*** RECORDS FOR THIS TASK Section Begins ***

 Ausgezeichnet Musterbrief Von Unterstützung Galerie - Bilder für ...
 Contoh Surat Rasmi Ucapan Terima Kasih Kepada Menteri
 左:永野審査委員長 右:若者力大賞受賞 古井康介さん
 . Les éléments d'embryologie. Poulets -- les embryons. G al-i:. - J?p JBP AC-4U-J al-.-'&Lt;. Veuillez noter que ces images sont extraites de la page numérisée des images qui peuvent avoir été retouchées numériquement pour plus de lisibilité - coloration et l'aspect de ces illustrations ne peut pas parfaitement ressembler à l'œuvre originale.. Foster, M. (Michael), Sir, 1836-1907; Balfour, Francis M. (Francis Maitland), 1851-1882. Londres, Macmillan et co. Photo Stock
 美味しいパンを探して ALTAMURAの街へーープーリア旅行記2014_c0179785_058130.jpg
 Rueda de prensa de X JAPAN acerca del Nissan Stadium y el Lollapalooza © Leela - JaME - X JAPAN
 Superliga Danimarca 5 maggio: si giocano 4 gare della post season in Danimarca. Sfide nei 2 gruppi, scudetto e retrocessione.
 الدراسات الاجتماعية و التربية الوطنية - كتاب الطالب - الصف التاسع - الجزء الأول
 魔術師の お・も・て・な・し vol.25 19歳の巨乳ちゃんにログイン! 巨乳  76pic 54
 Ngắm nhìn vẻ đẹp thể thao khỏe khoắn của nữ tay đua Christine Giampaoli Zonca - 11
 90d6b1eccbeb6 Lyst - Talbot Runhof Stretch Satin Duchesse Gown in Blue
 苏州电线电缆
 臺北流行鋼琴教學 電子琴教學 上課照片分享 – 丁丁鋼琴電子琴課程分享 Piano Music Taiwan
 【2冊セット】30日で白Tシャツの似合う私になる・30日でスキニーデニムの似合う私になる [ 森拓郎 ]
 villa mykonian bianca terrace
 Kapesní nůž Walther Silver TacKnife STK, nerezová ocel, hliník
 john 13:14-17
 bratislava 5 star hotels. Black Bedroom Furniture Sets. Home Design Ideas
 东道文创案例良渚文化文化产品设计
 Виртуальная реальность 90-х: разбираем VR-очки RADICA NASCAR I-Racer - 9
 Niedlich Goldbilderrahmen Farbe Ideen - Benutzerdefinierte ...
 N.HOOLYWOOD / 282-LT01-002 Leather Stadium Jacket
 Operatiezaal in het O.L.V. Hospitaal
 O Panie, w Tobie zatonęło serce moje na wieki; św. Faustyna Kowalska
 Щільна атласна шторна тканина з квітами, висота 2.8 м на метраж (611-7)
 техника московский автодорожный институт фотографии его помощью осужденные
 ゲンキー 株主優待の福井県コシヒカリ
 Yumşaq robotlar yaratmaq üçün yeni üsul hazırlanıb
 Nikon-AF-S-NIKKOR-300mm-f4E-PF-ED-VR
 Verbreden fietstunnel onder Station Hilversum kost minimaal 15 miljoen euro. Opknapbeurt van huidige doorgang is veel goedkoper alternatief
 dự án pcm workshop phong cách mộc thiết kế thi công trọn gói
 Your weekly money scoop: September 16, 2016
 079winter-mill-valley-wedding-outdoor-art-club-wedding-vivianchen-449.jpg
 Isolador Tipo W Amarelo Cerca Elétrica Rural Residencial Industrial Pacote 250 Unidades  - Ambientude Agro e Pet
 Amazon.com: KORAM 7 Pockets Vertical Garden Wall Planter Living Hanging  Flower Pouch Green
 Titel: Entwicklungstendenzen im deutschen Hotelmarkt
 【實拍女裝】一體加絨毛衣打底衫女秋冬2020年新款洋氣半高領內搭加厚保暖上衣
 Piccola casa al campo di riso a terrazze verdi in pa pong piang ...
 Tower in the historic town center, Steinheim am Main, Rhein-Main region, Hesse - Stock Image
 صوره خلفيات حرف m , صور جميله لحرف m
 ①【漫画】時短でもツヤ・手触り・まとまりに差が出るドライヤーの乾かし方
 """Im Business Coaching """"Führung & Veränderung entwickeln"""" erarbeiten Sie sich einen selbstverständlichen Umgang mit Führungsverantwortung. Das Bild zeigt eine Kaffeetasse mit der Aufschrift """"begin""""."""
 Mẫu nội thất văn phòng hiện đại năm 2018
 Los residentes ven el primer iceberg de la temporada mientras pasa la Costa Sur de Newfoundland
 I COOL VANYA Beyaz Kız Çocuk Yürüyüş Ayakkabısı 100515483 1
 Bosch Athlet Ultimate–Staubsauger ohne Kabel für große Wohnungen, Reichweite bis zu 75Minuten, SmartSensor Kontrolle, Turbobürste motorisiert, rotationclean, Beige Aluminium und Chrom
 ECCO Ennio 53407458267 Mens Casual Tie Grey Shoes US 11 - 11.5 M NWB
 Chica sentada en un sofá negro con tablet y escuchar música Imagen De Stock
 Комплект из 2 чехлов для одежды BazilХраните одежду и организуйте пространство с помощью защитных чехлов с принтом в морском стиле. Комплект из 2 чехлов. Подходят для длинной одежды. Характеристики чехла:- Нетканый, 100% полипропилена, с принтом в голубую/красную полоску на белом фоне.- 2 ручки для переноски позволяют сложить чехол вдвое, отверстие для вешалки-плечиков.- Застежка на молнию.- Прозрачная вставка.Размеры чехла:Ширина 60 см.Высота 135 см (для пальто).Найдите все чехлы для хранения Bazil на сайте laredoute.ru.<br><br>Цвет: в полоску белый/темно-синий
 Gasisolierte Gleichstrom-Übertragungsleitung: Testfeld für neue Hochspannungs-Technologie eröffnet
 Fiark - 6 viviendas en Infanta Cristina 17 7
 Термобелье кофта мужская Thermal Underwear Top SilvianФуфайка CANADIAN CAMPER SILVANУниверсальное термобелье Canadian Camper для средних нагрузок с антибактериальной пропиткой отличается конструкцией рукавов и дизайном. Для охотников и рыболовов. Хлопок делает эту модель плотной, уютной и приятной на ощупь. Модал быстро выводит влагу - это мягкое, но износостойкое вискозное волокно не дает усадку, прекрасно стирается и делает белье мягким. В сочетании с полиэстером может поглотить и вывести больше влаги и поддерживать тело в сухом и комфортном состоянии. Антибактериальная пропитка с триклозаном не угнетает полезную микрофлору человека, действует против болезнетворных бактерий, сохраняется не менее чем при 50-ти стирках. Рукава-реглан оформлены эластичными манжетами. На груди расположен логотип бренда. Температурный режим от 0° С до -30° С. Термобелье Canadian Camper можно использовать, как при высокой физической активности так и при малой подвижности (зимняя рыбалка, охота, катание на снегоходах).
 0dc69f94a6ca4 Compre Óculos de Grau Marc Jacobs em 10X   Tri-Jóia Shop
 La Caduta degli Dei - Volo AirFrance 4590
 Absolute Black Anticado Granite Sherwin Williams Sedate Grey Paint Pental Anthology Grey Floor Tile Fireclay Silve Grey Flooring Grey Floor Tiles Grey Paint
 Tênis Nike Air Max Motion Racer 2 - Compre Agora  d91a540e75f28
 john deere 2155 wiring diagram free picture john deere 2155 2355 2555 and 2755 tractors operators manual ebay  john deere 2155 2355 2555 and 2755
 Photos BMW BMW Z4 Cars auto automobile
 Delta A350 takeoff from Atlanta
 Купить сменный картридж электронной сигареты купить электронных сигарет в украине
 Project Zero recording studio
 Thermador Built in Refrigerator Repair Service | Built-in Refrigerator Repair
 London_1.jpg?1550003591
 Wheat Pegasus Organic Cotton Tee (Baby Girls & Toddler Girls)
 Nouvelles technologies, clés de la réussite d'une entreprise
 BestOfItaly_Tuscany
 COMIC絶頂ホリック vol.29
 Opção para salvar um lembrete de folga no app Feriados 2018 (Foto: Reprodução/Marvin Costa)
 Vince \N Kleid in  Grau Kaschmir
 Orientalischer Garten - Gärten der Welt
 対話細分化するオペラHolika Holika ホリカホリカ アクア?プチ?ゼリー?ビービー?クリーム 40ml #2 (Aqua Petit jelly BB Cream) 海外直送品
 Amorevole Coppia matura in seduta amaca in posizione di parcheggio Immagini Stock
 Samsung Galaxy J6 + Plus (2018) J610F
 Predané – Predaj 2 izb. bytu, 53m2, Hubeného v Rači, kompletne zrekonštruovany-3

*** RECORDS FOR THIS TASK Section Ends ***

• WORK TO COMPLETE: Isolate the lines above that contain the word "Stadium" and copy them.

• ANSWER TO THIS PROBLEM:
 Rueda de prensa de X JAPAN acerca del Nissan Stadium y el Lollapalooza © Leela - JaME - X JAPAN
 N.HOOLYWOOD / 282-LT01-002 Leather Stadium Jacket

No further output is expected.